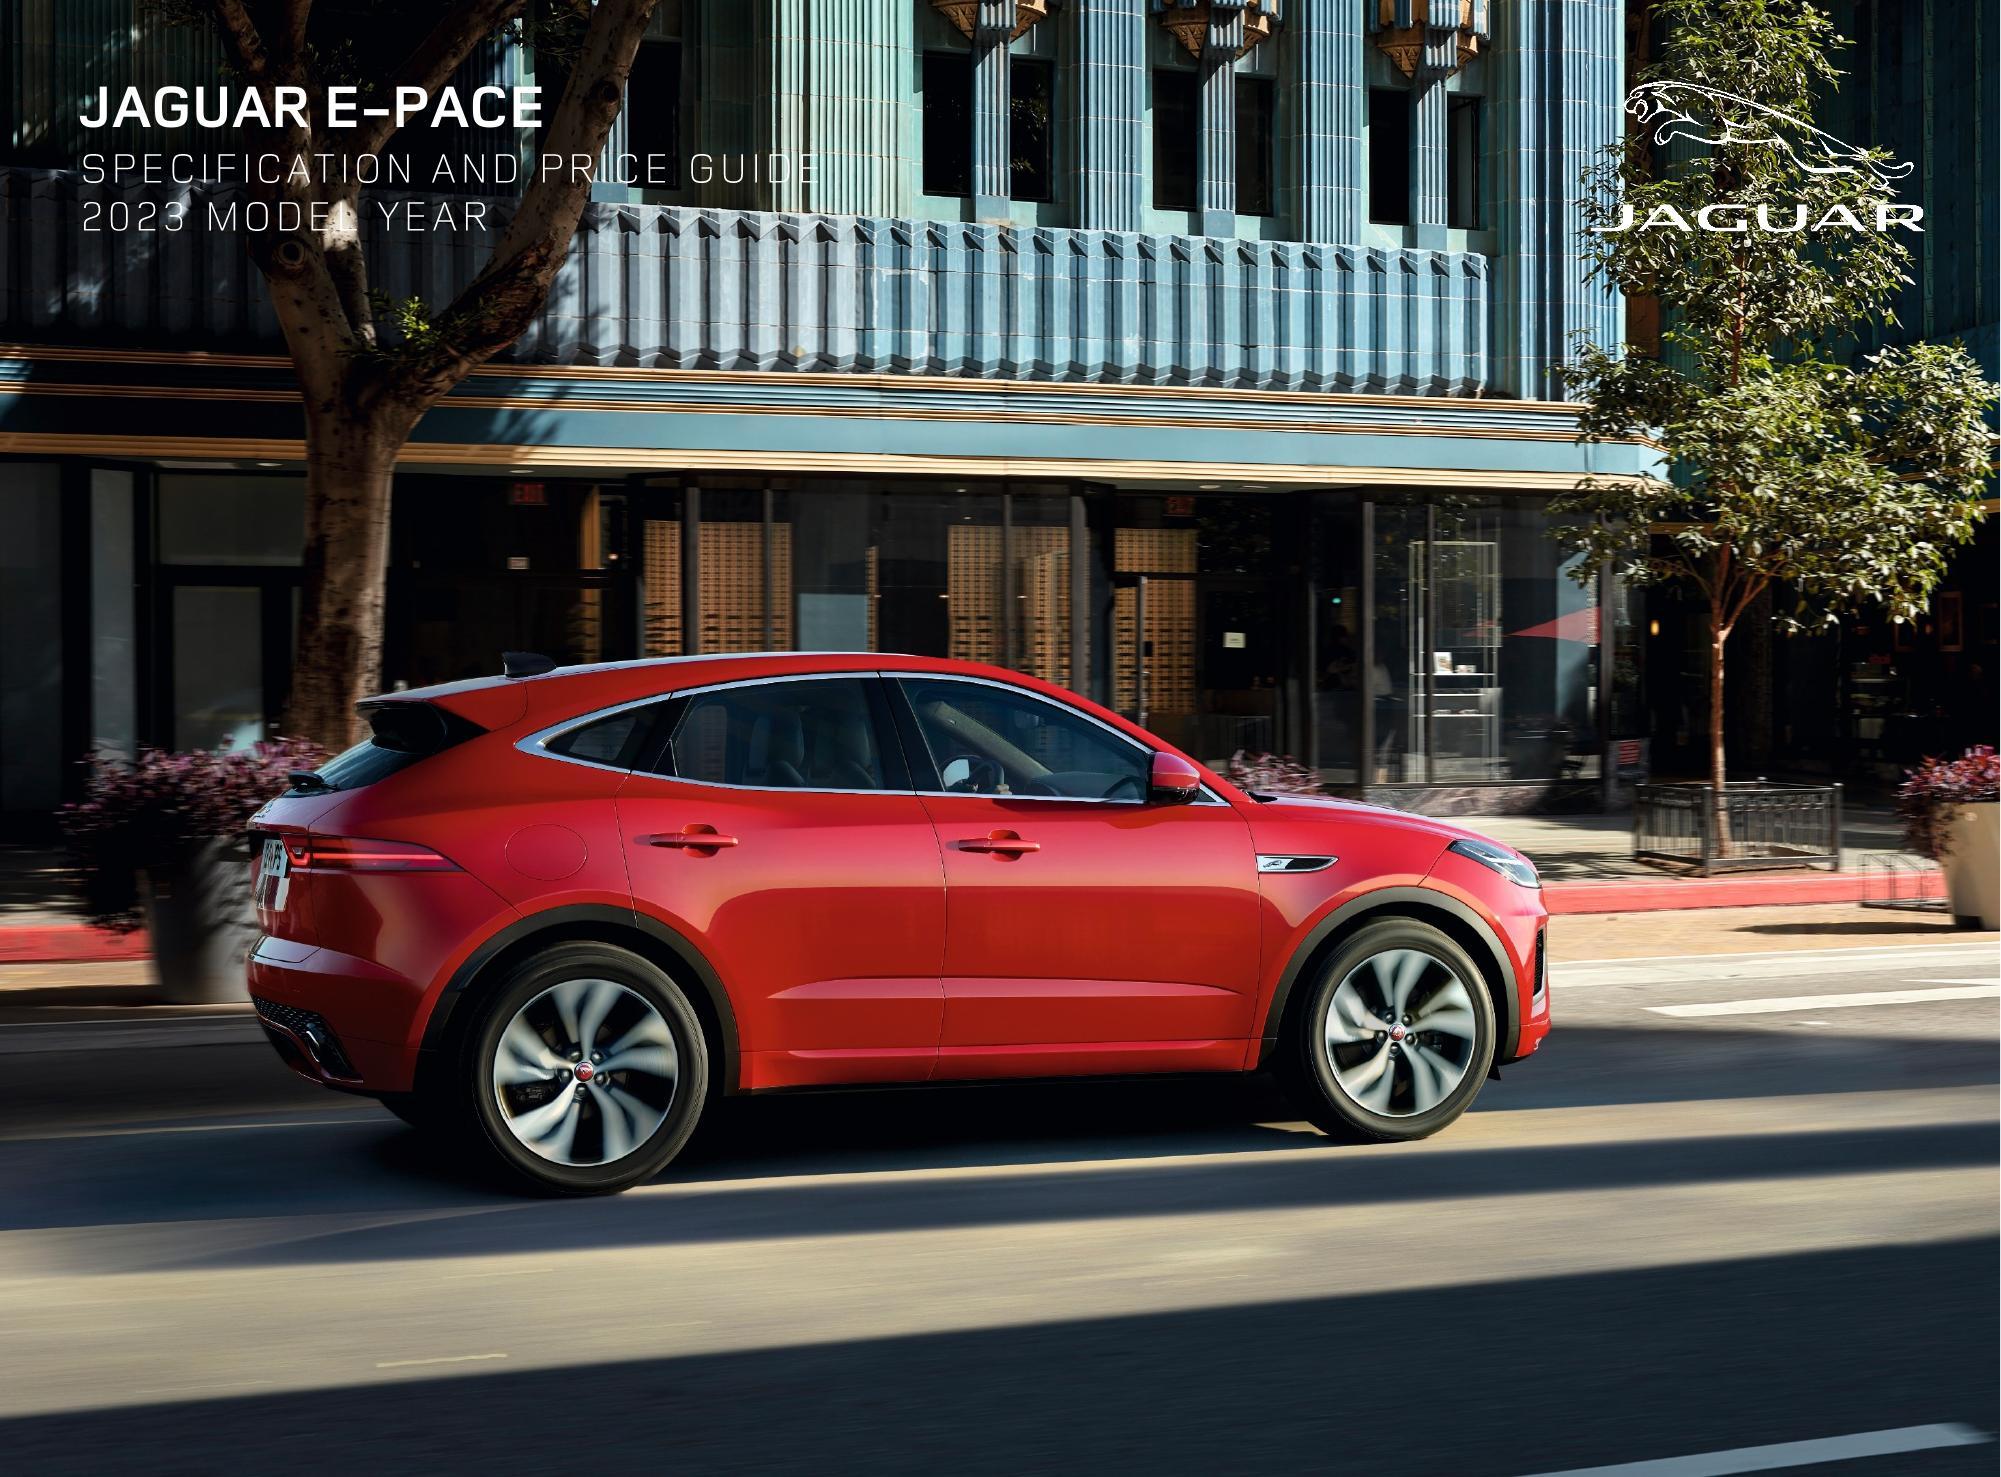 2023-jaguar-e-pace-specification-and-price-guide.pdf
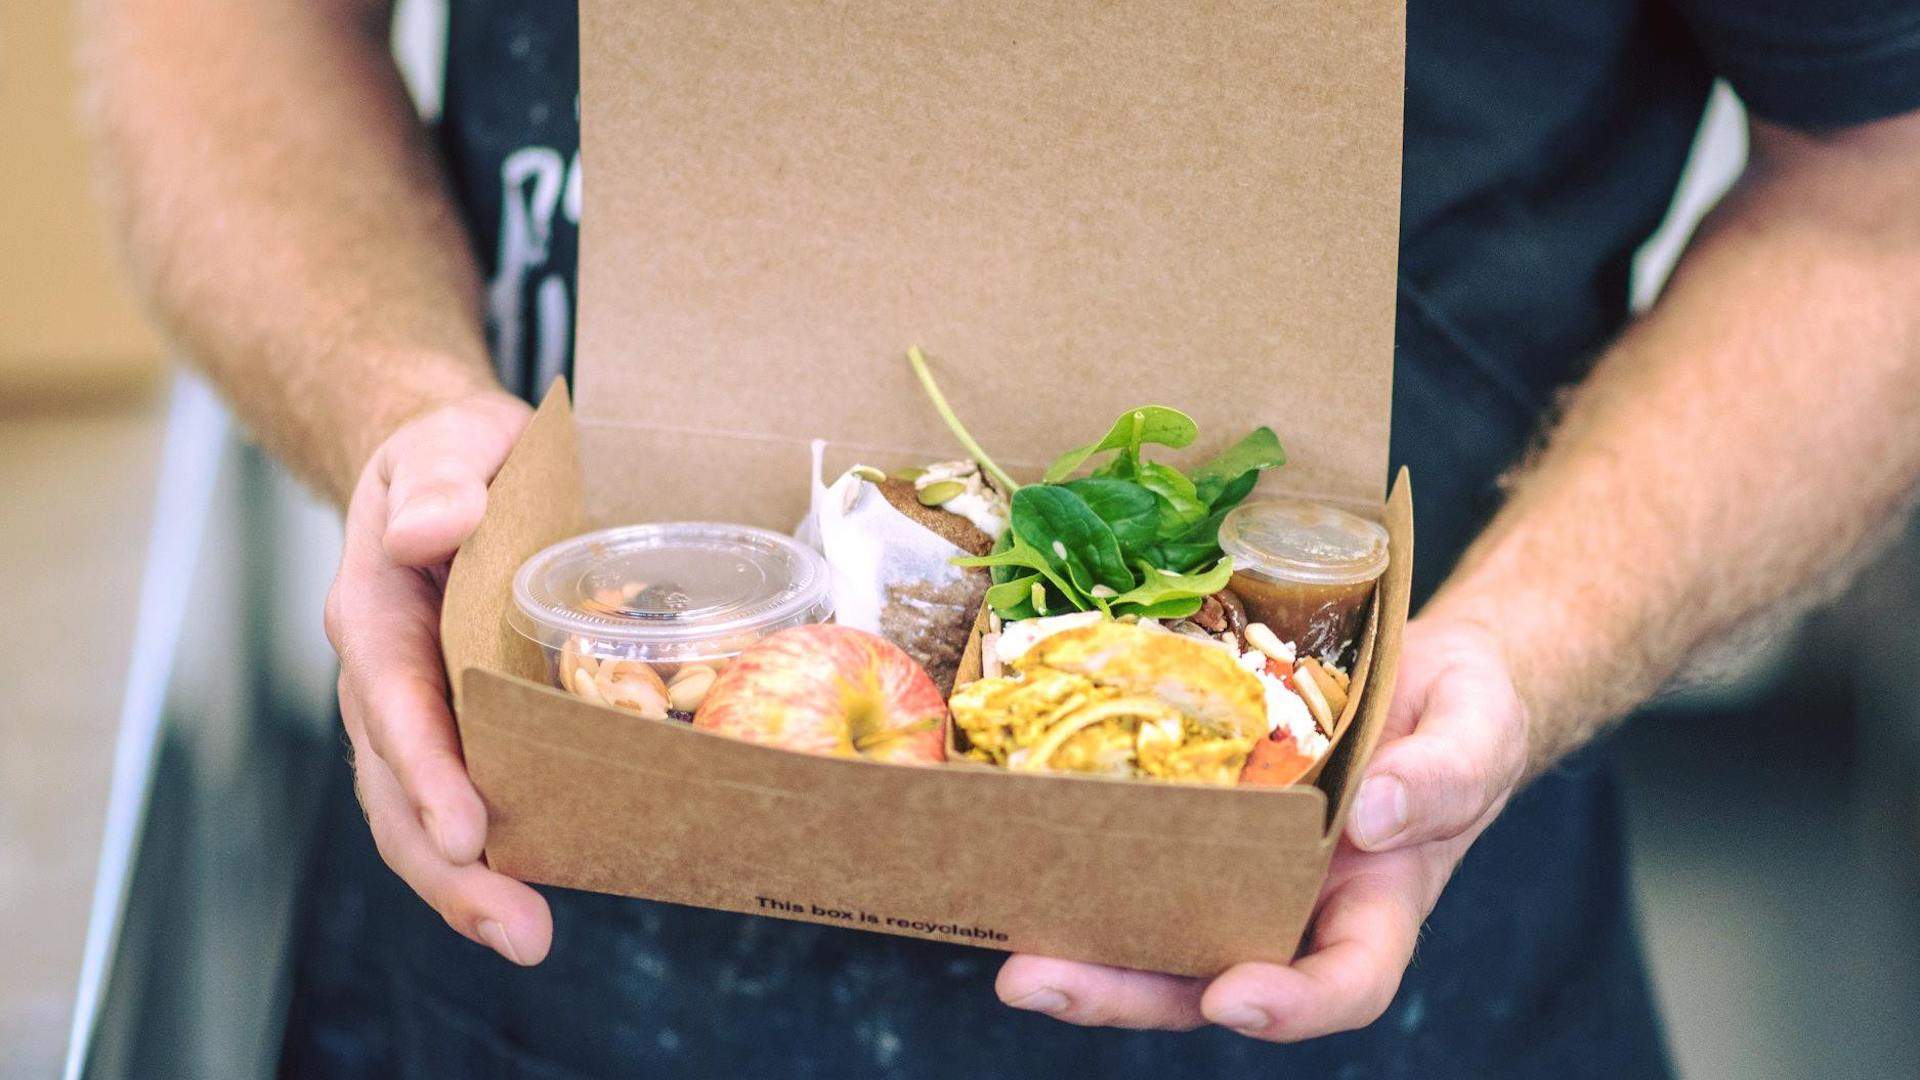 Buy One, Give One Initiative Eat My Lunch Is Opening a Physical Store
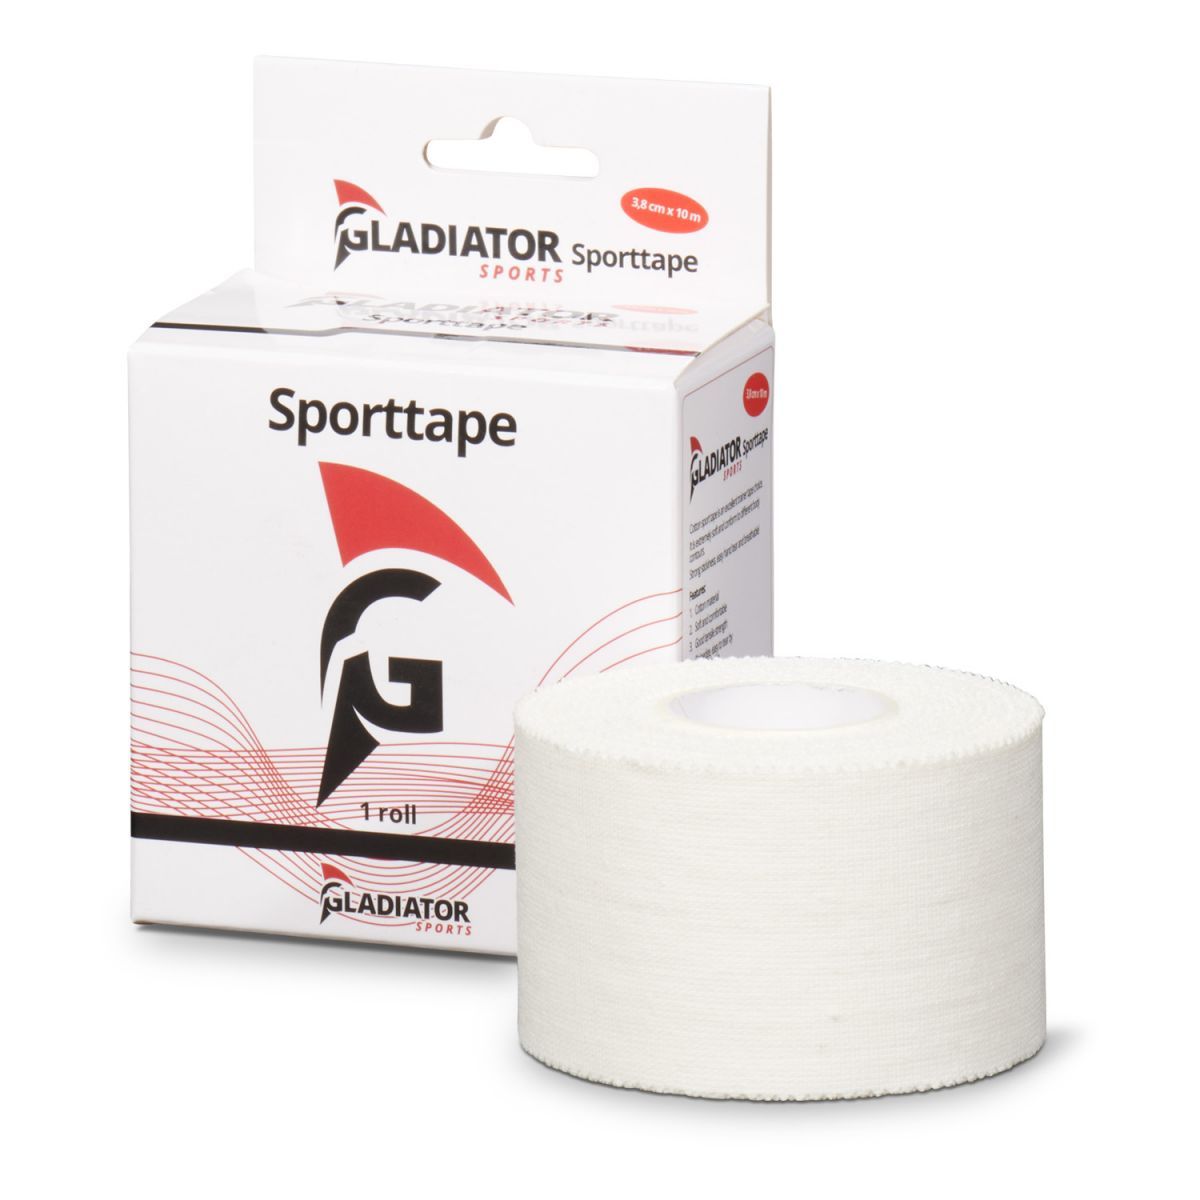 Gladiator Sports sports tape per roll with box
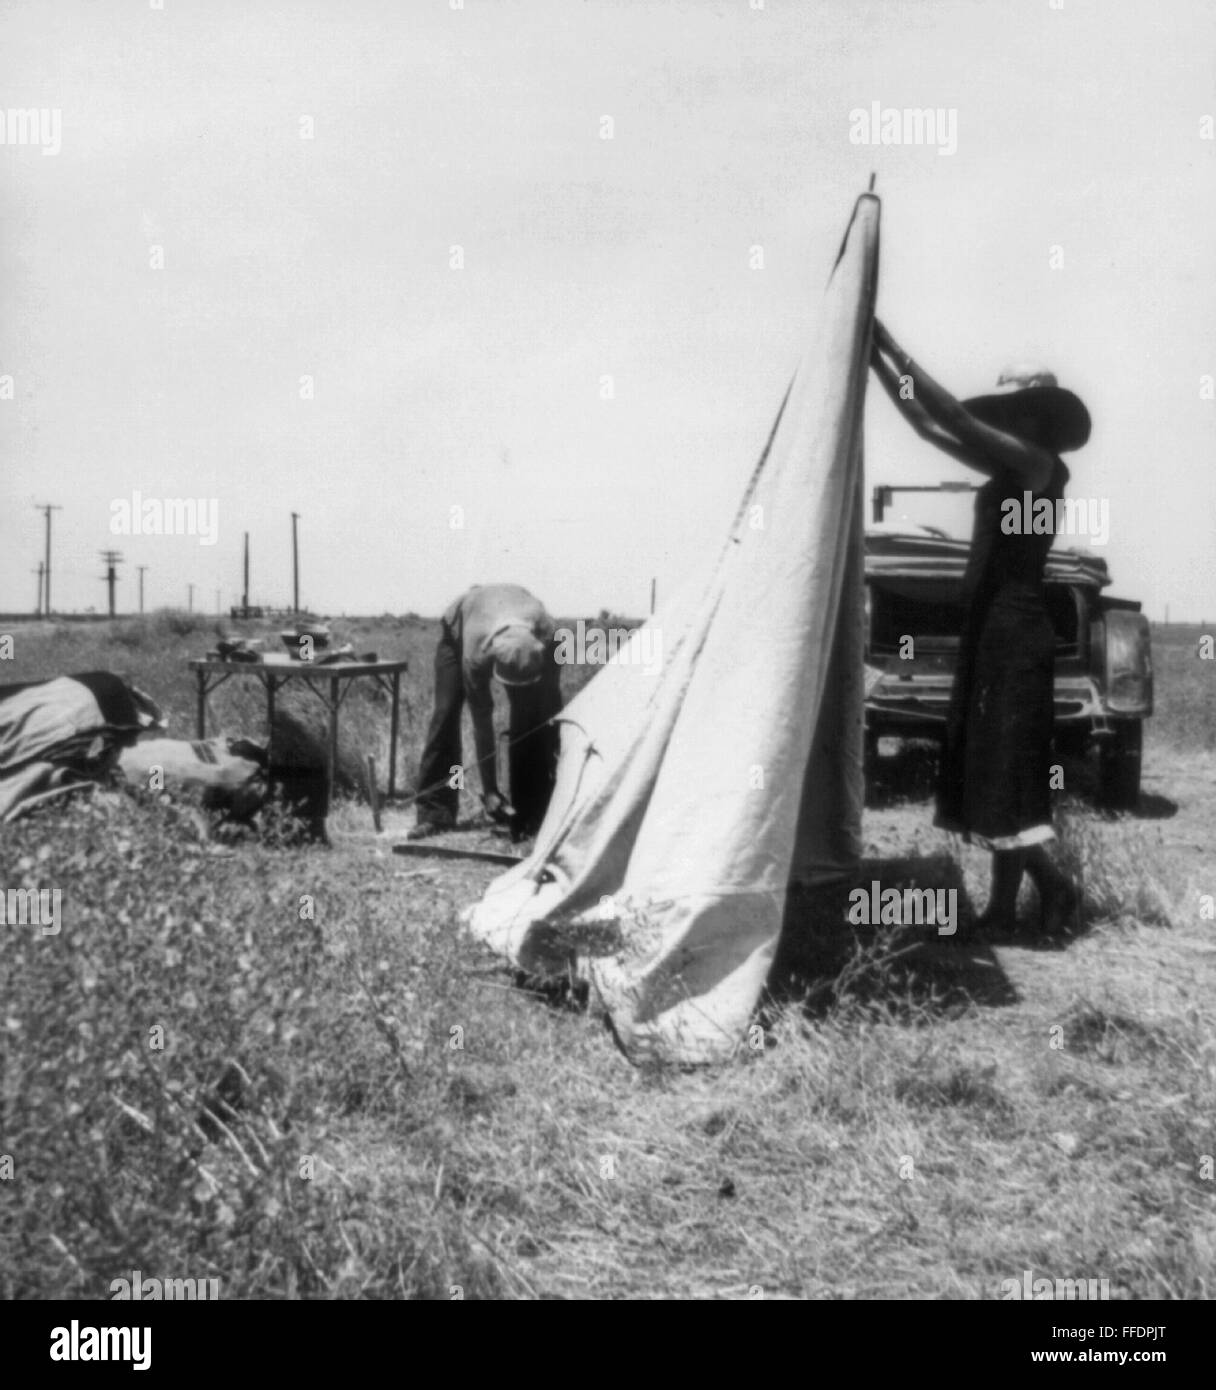 MIGRANT FARMERS, 1937. /nMigrant potato pickers pitching their tent, near Shafter, California. Photograph by Dorothea Lange, May 1937. Stock Photo
═══
- **EXERCISE GOAL**
Give again exactly the lines from the one that contains "Buy One, Give" through the end of the material, both ends included, omitting the pictures.

- **TASK RESPONSE**
 Buy One, Give One Initiative Eat My Lunch Is Opening a Physical Store
 Gladiator Sports sports tape per roll with box
 MIGRANT FARMERS, 1937. /nMigrant potato pickers pitching their tent, near Shafter, California. Photograph by Dorothea Lange, May 1937. Stock Photo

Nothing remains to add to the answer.